La autorización llega en un momento en el que el estado de conservación de las carreteras se ha convertido en una preocupación creciente para el sector logístico y para las empresas de mantenimiento. El deterioro de los firmes no solo reduce el confort de circulación, sino que incrementa el consumo de combustible, acelera el desgaste de neumáticos y suspensiones, eleva el riesgo de averías y puede comprometer la seguridad de los conductores que utilizan la red a diario. Para CETM, la demora en la ejecución es otro de los puntos débiles del plan. Aunque las licitaciones arrancarán en 2026, la puesta en marcha completa de las actuaciones requerirá varios años, un horizonte que la patronal considera excesivo ante una situación que describe como urgente.
La medida del Gobierno representa, por tanto, un impulso relevante al programa de conservación de la Red de Carreteras del Estado, pero no cierra el debate sobre la suficiencia de la inversión pública en mantenimiento.
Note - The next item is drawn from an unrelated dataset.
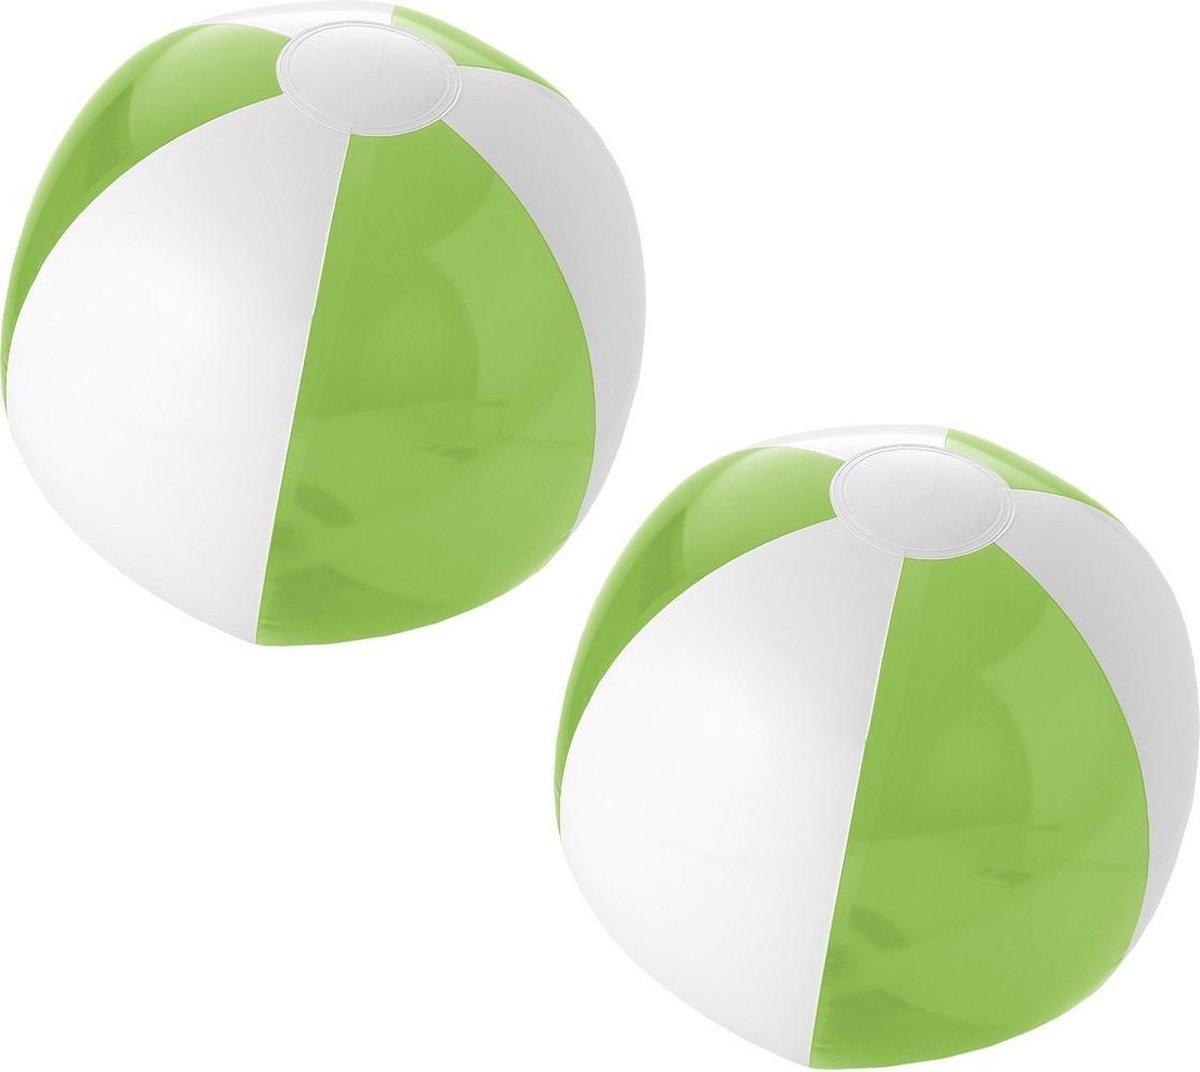 2x stuks opblaasbare strandballen groen/wit 30 cm - Buitenspeelgoed waterspeelgoed opblaasbaar

Para Transportes, los contratos permitirán preservar las condiciones de circulación y seguridad en miles de kilómetros de vías estatales. Para el transporte de mercancías, en cambio, el anuncio confirma precisamente la existencia de un problema que exige una respuesta más ambiciosa. La cuestión de fondo es si España seguirá abordando la conservación viaria mediante paquetes parciales de licitación o si articulará una política estable de mantenimiento preventivo capaz de frenar un déficit acumulado que ya afecta a la seguridad, a la eficiencia económica y a la competitividad de uno de los principales sistemas de transporte del país.